To guarantee real-time interaction between the agents and the environment, the demoMARL block inside the Simulink model defines the environment and a timing parameter sets the training duration. The training hyperparameters are configured as follows: a sample time of 0.1 s and a total simulation horizon of 100 s. By binding the Simulink model to the reinforcement-learning interface, multi-agent interaction is achieved. For each agent, an independent Actor (policy network) and Critic (value network) are constructed [13]. The Actor network uses a multi-layer perceptron (MLP) to map observations to an action-probability distribution, while the Critic network evaluates the state value so that the Generalized Advantage Estimation (GAE) can be computed [14]. PPO’s stabilization mechanisms are employed to refine the agents’ policies: a ClipFactor enforces PPO’s core clipping operation, limiting the magnitude of policy updates [15]; GAE balances bias and variance; and an entropy-regularization term prevents the policies from prematurely converging to local optima [16]. The detailed execution steps are as follows:

In the training setup, the sample time, total time, and maximum number of steps are defined. (1) Launch the Simulink model, set the number of agents to 2, the observation-space size to 1, and represent the action space with the discrete set {0, 1}; create the environment object env to interface with the AgentA and AgentB blocks in Simulink. (2) Loop to construct the Actor and Critic networks for the two agents. The Actor network consists of an input layer, several fully connected layers with ReLU activations, and a final softmax layer that outputs action probabilities. The Critic network outputs a single scalar that estimates the agent’s state value. (3) Configure the PPO algorithm with an entropy-loss weight of 0.2, create the two PPO agents, and start training. (4) Training options specify 10 episodes with a maximum of 1000 steps per episode and enable the training-progress display. After training, testing is carried out with the sim function to run the environment, and the experience data are saved. The progress plot in Figure 3 illustrates the policy-optimization process during training and the control performance of the agents during testing.

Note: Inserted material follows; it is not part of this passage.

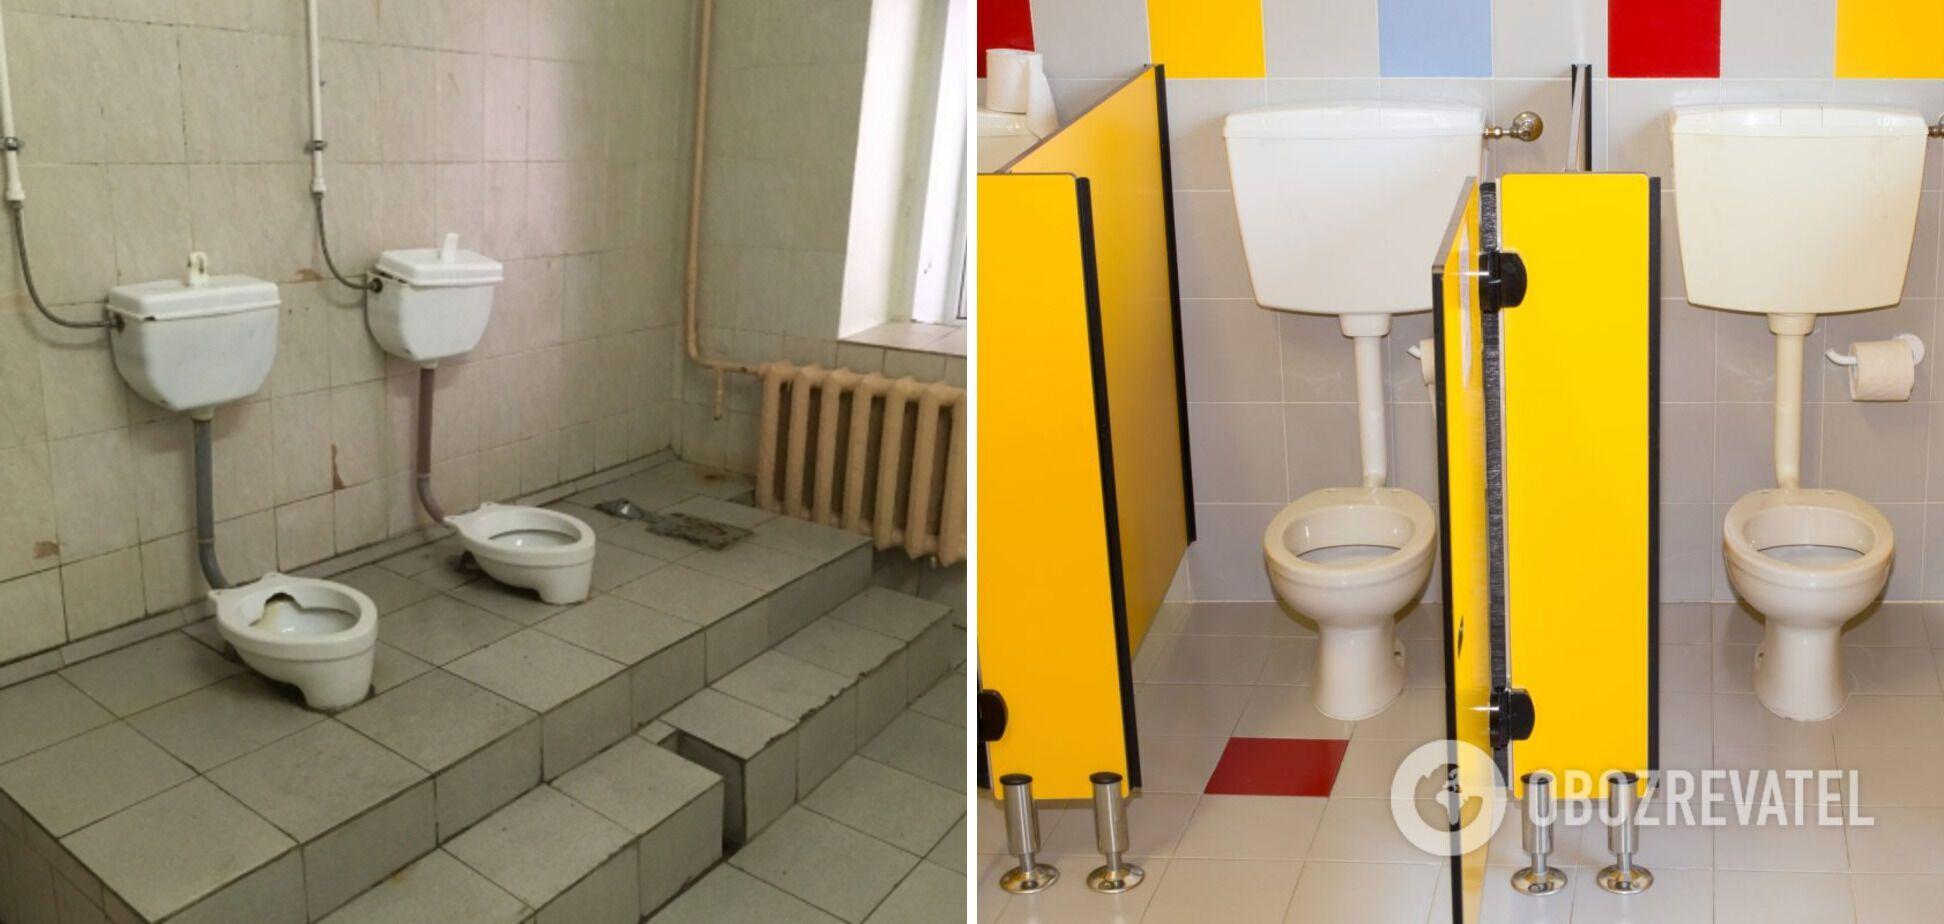 Раніше в туалетах не було кабінок і дверей

Figure 3 shows that as the number of training episodes increases, the reward obtained in a single episode gradually rises, indicating continuous improvement in the agents’ performance. Meanwhile, the average reward remains relatively stable, demonstrating the strong stability of the multi-agent reinforcement learning system.

2.3. Section Summary

This Section begins with a brief overview of the new power system and the structure of multi-agent systems. It then uses wind power, photovoltaic power, and energy storage systems as examples to illustrate the power generation characteristics of the new power system. After analyzing multi-agent decision-making, a Simulink model based on multi-agent reinforcement learning is constructed, enabling an intuitive demonstration of the dynamics of multi-agent systems and facilitating the understanding and debugging of complex interactive behaviors. Finally, the Section introduces multi-agent reinforcement learning based on the PPO algorithm, which improves the stability of multi-agent training by limiting the magnitude of policy updates.

3. Multi-Agent Event-Triggered Control Design

Building on Section 2, this Section proposes a design for multi-agent event-triggered control. To optimize the communication mechanism of multi-agent systems, multi-agent event-triggered control can reduce the consumption of communication resources among various agents while ensuring that the system maintains high performance. By integrating distributed collaboration with event-driven mechanisms, multi-agent event-triggered control significantly reduces communication costs while ensuring system performance.

3.1. Markov Decision Process

An MDP is a framework for reinforcement learning used to describe sequential decision-making by an agent in an uncertain environment. In multi-agent systems, each agent’s state transition and reward function depend on the actions of other agents. Specifically, the decision-making process for an individual agent’s actions can be considered a local Markov decision process.

An MDP can be defined by the tuple

M = (S, A, P, R, γ)

. In this quintuple,

S

represents the state space,

A

represents the action space,

P : S \times A \to Δ (S)

represents the transition probability, defined as the probability of transitioning to state

S

under the condition that the current state is

s \in S

and action

a \in A

is taken;

R : S \times A \times S \to R

is the reward function, representing the immediate reward the agent receives after transitioning from

(s, a)

to

s^{'}

;

γ \in [0, 1)

is used to evaluate the discount factor of the immediate reward and the impact of future rewards [17].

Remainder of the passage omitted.